Çocukluğumu bilmiyorum dedim, çocukluğumu yaşayamadım dedim. Çocukluğumda bayramlarda güzellikleri çok az yaşadım. Babam dışarıda ona sataşan, onunla kavga yapan kişilere cevap vermez ama eve geldiğinde dışarıda melek bilinen insan başımıza Azrail kesilir. Ben çocukluğundan itibaren çok dayak yedim ne yazık ki annem de çok dayak yedi. Haklı haksız maalesef düşünmeden, sormadan bazen tekme tokat bazen de sopa ile ya beni ya annemi de döverdi. Kısacası ben babamdan çocukluğumdan beri nefret ettim. Ne yazık ki bu nefretim hale geçmiş değil.

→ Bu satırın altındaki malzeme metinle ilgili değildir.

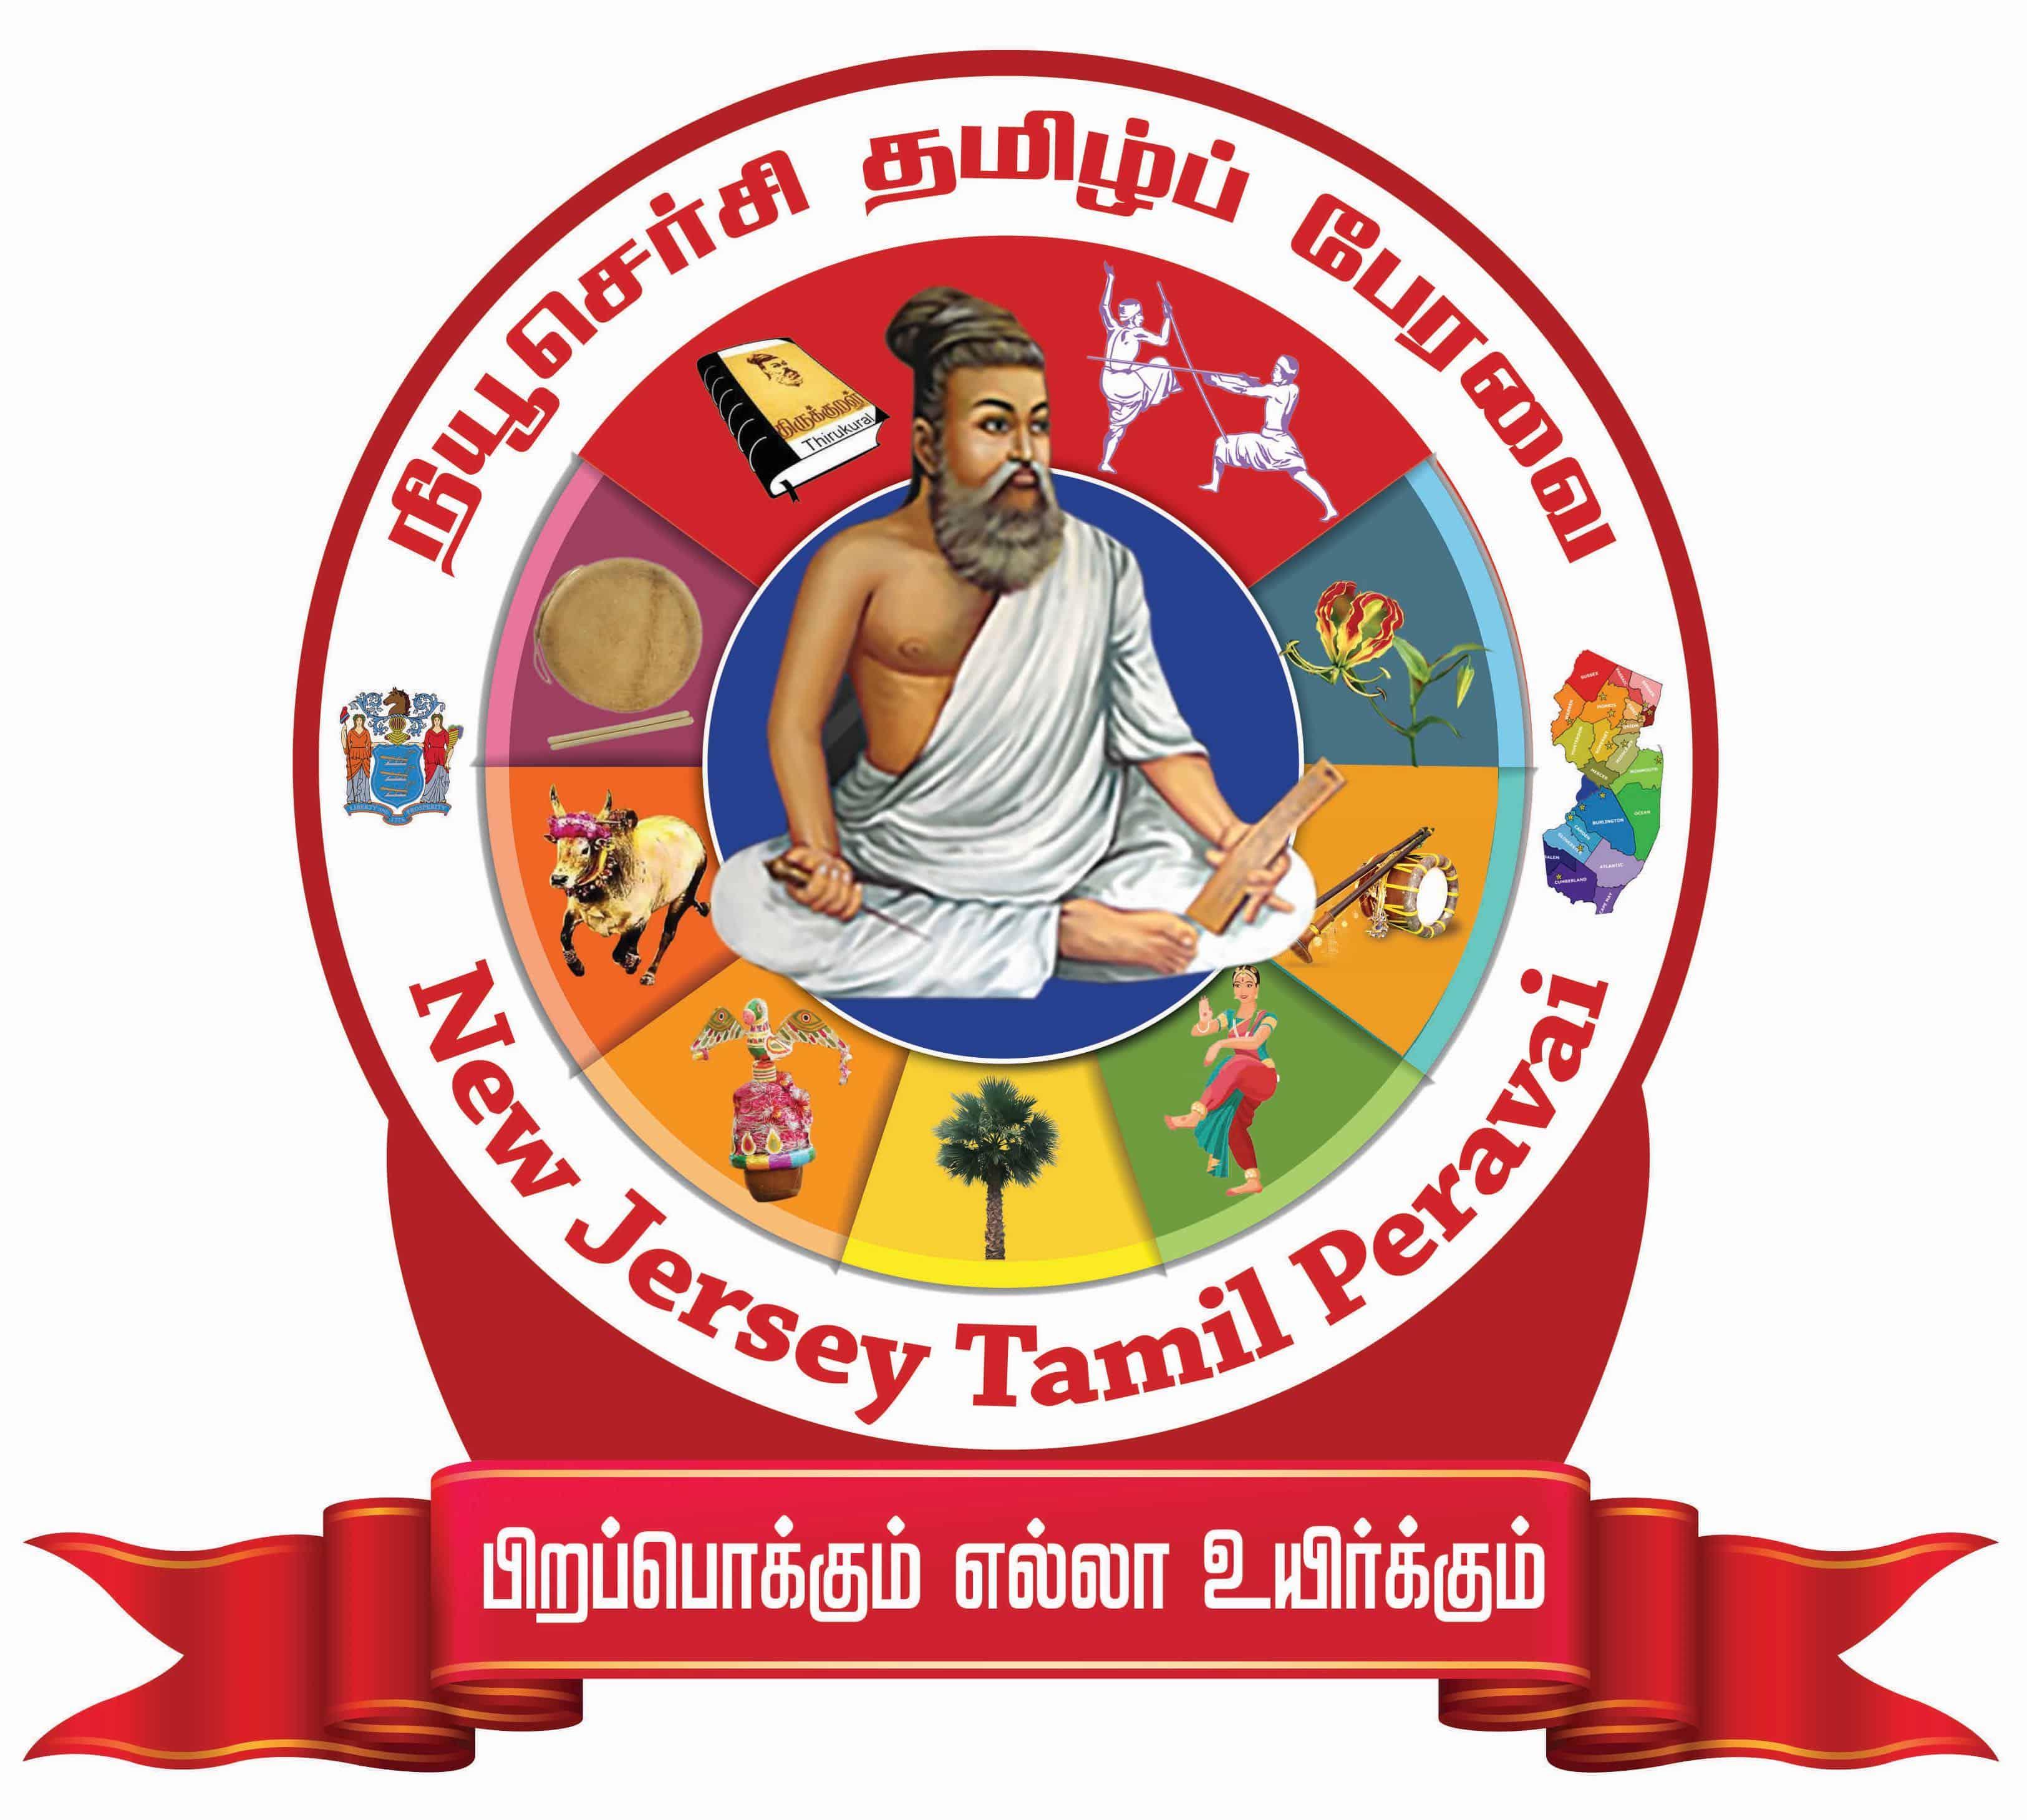 NJ Tamil Peravai (NJTaP)

Neden evlenmedim? Dışarıda herkese karşı iyi olan babam benim evlenmemi engellemedi, üstelik evlenmem içinde bana birçok imkanlar sundu. Köyün gençleri çevremde pervane olurken ben ne düşündüm biliyor musunuz? Evlenince ne olacak? Başım göğe mi değecek?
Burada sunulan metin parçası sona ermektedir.